Postel v. City of Seattle

Fullerton, J.

The appellant is the owner of certain lots in the city of Seattle fronting on Republican street and First avenue North. On February 4, 1903, the city of Seattle passed an ordinance providing for the grading of the streets above named, and pursuant thereto the city caused the same to be graded, completing the work on October 3, 1904. The grade as planned called for deep cuts in front of the appellant’s property, and when completed his lots were left from fifteen to thirty feet above the surface of the streets, cutting off access to them except from the rear through a narrow alley over a steep grade. On March 16, 1905, the appellant presented to the city council of the city of Seattle, and filed with the city clerk, a claim for damages caused by the grade1, which claim the city rejected. This action was thereupon brought to recover for the injury caused the lots by the grade. To a complaint embodying the foregoing facts, the city demurred on the ground that it did not state facts sufficient to constitute a cause of action. The court sustained the demurrer, whereupon the appellant elected to stand on his complaint. Judgment of dismissal was thereupon entered, and this appeal was taken therefrom.

Section 29 of art. 4 of the charter of the city of Seattle reads as follows:

“Section 29. All claims for damages against the city must be presented to the city council and filed with the clerk within thirty days after the time when such claims for damages accrued, and no ordinance shall be passed allowing any such claim or any part thereof, or appropriating money or other property to pay or satisfy the same or any part thereof, until such claim has first been referred to the proper department, nor until such department has made its report to the city council thereon, pursuant to such reference^ All such claims for damages much accurately locate and describe the *434defect that caused the injury, accurately describe the injury, give the residence for one year last past of the claimant, contain the items of damages claimed, and be sworn to by the claimant. Ho action shall be maintained against the city for any claim for damages until same has been presented to the city council and sixty days have elapsed after such presentation.”
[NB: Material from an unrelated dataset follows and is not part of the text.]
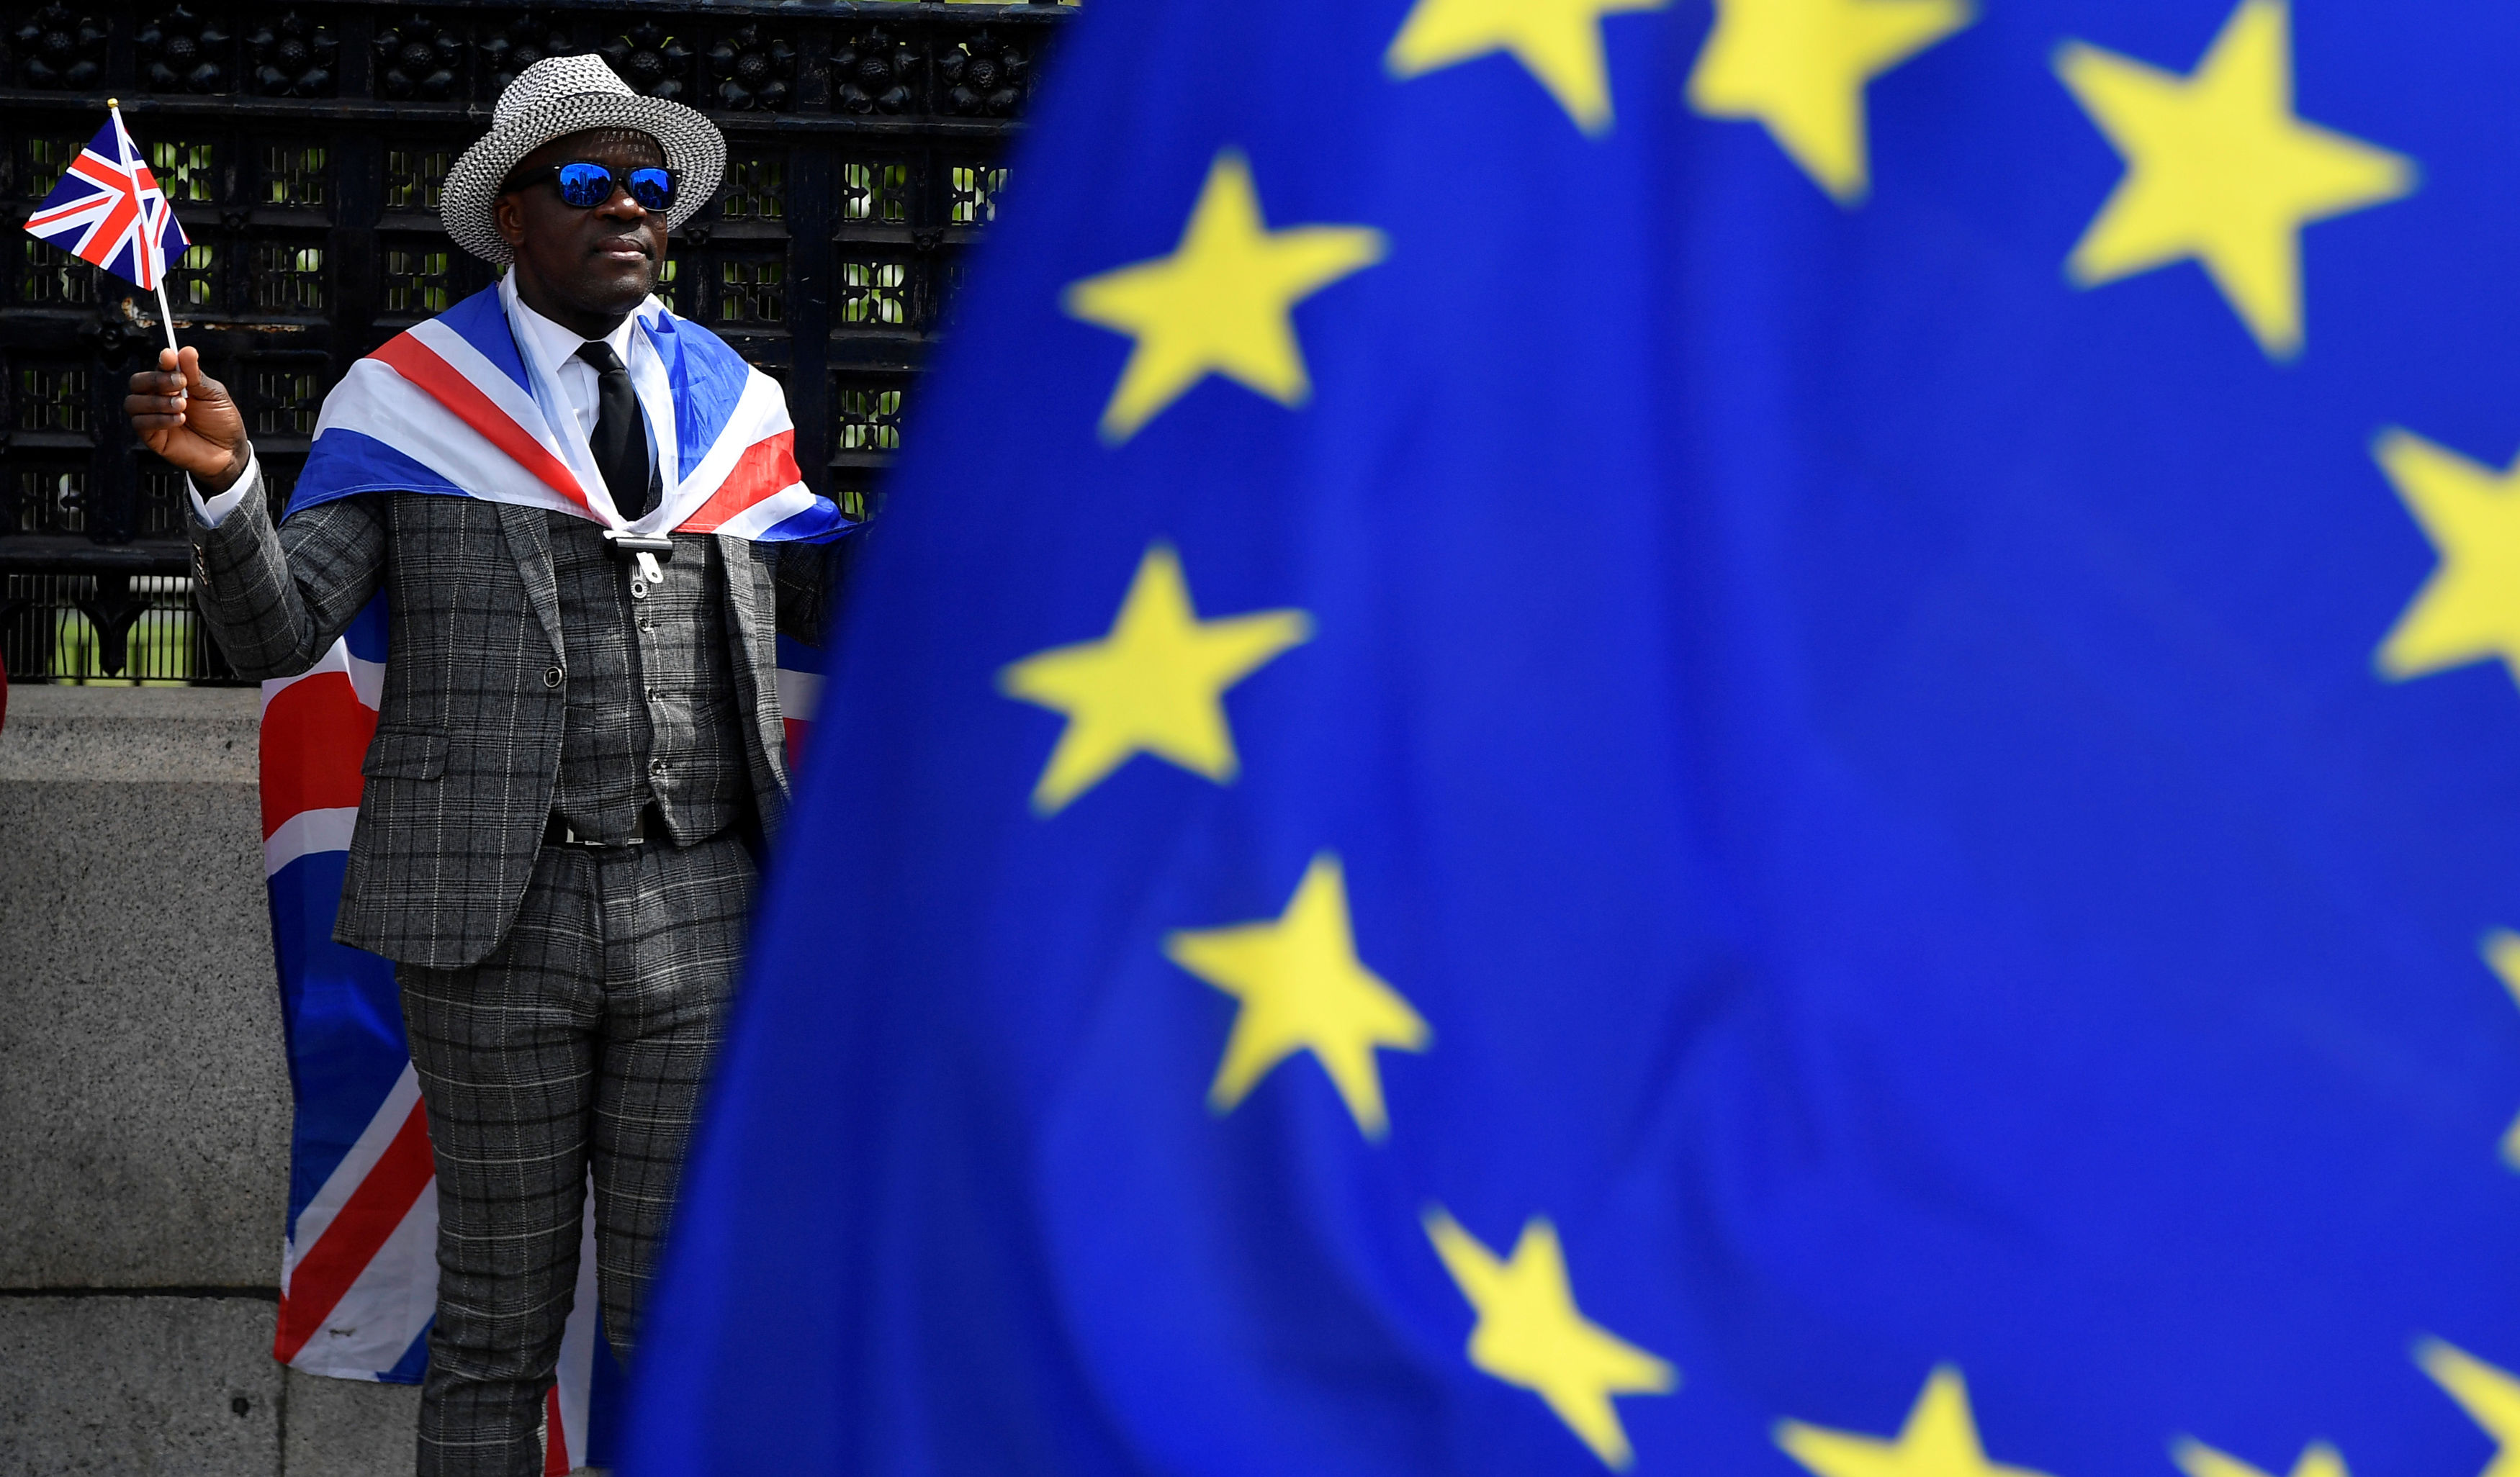 A pro-Brexit protester stands behind an EU flag ahead of the forthcoming EU elections, outside of the Houses of Parliament in London
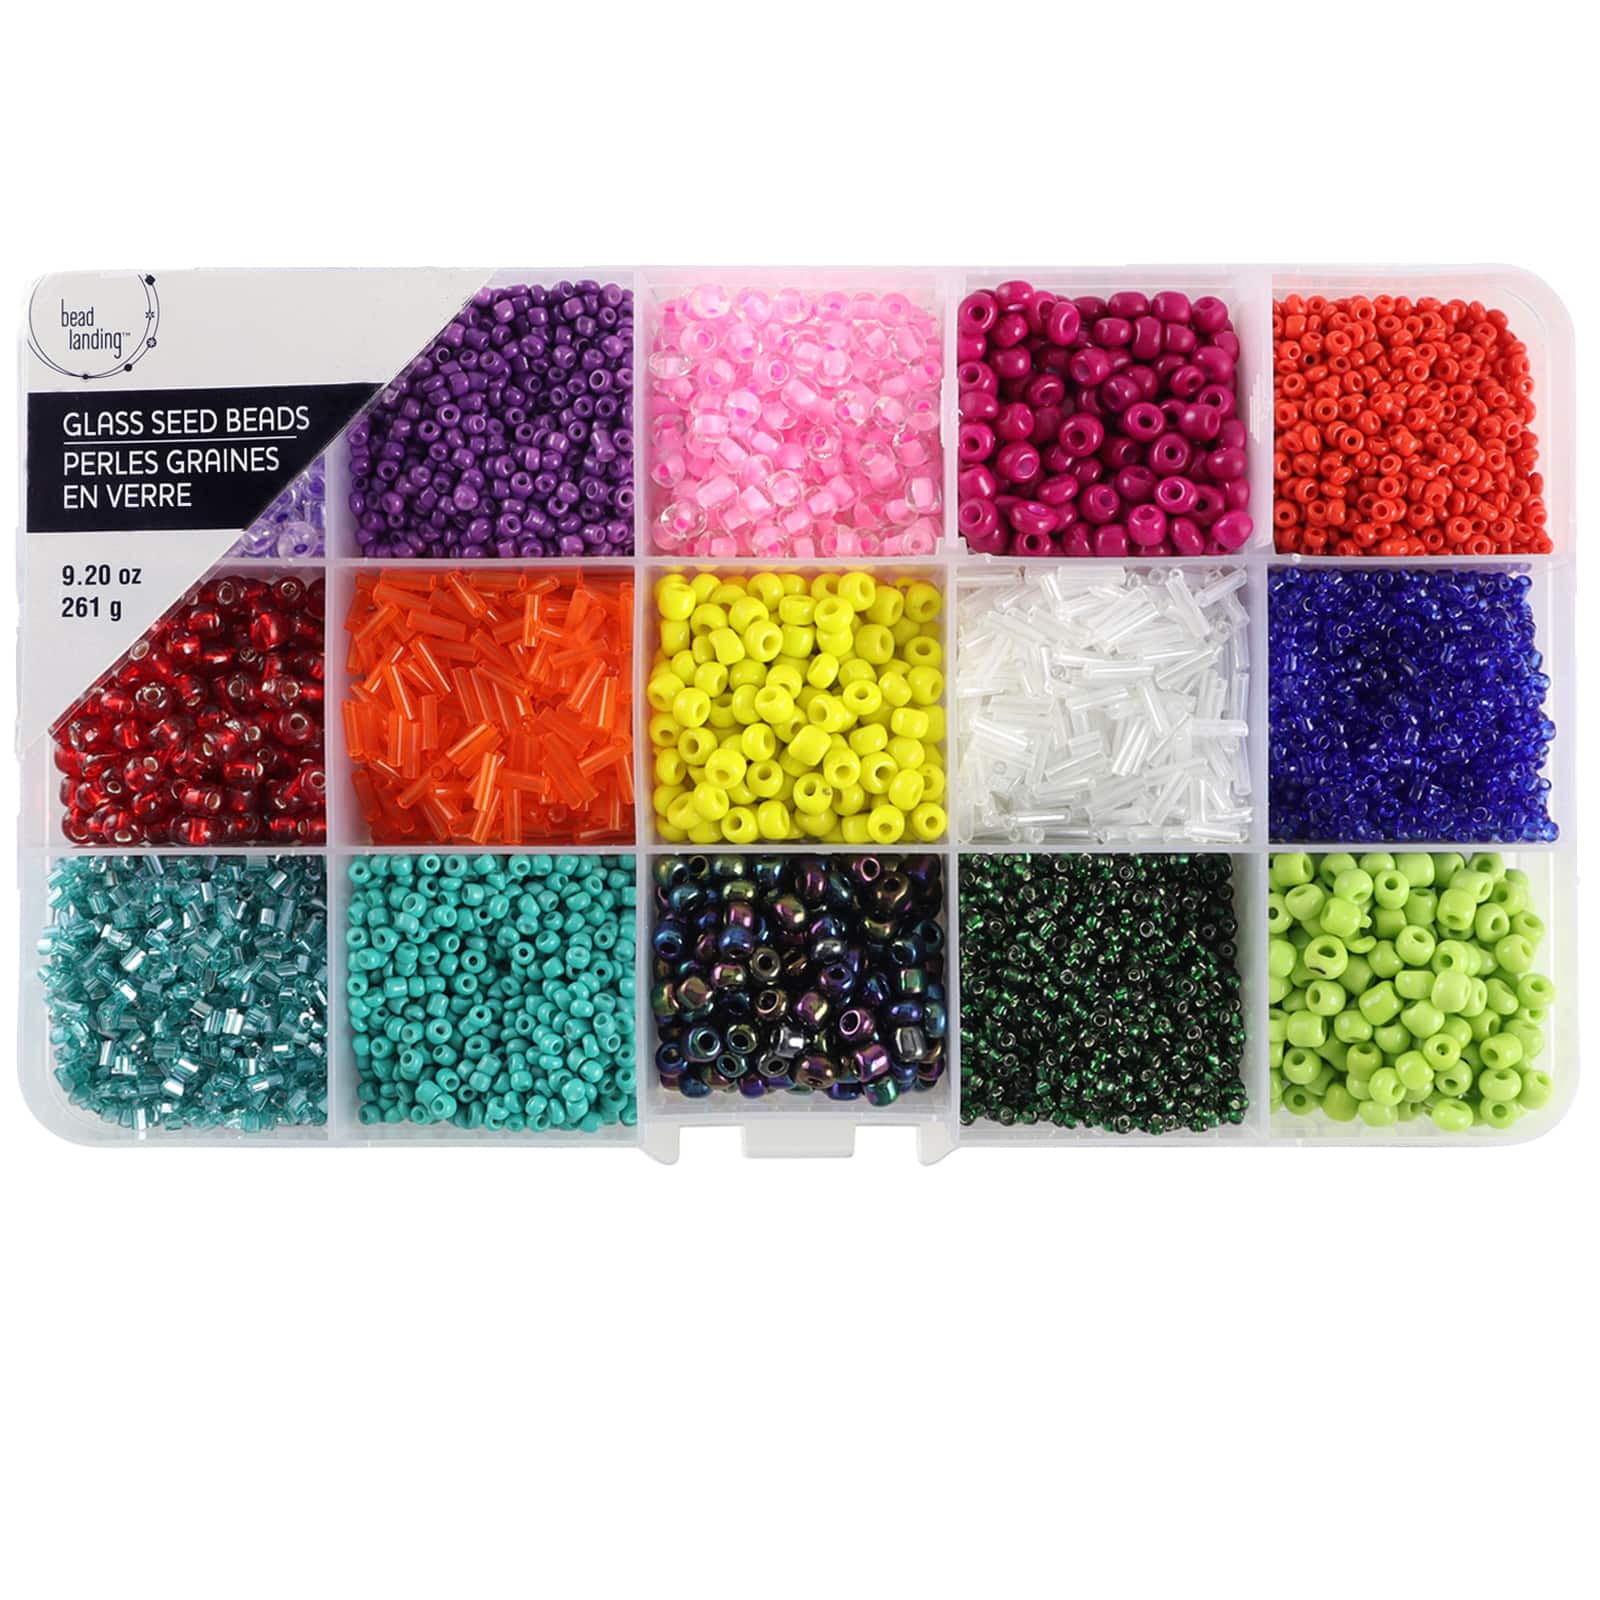 Rainbow Colored Beads Art: Canvas Prints, Frames & Posters

The trial court held that this section of the city’s charter requires claims for damages of all kinds against the city to be presented to' the city council and filed with the city clerk within thirty days after the time when such claim accrues, before an action can be commenced thereon; and since the appellant did not file his claim until some five months after its accrual, it was barred by this provision of the charter. Against this ruling, the appellant makes two contentions: first, that this provision does not apply to this character of claim; and second, if it does so apply, it is void because a reasonable time within which to present such claims is not allowed by it.

With regard to the first question, we think there can be but little doubt that the charter provision requires claims of this character to be presented to the city council and filed with the clerk. The language used is “all claims for damages/’ and this admits of no exception. True, other portions of the section would seem to be more appropriate to claims of another character than this, but this cannot be held to do away with the general requirement. In presenting claims, the details provided by the charter provision need only be followed in so far as they are applicable to the particular claim, but the general provision requiring claims for damages to be presented is applicable to all claims, and can be followed in every instance. A similar question was before this court in Scurry v. Seattle, 8 Wash. 278, 36 Pac. 145. The charter of the city of Seattle at that time required all claims for damages to be presented to the city council within six months after the time when such claim accrued, and we *435held that a claim for damages sustained by the grading of a street must be presented within the time required as a condition precedent to the maintenance of an action thereon.

Nor do we think the second objection is well taken. In Born v. Spokane, 27 Wash. 719, 68 Pac. 386, and Ehrhardt v. Seattle, 40 Wash. 221, 82 Pac. 296, we held that thirty days was a reasonable time within which to present a claim for personal injuries, and it would be difficult to make a distinction in this regard between claims of that character and claims of the character of the one at bar. We are therefore constrained to hold the requirement reasonable in this respect.

The judgment is affirmed.

Mount, C. J., Root, Oeow, Dunbab, and Hadley, JJ., concur.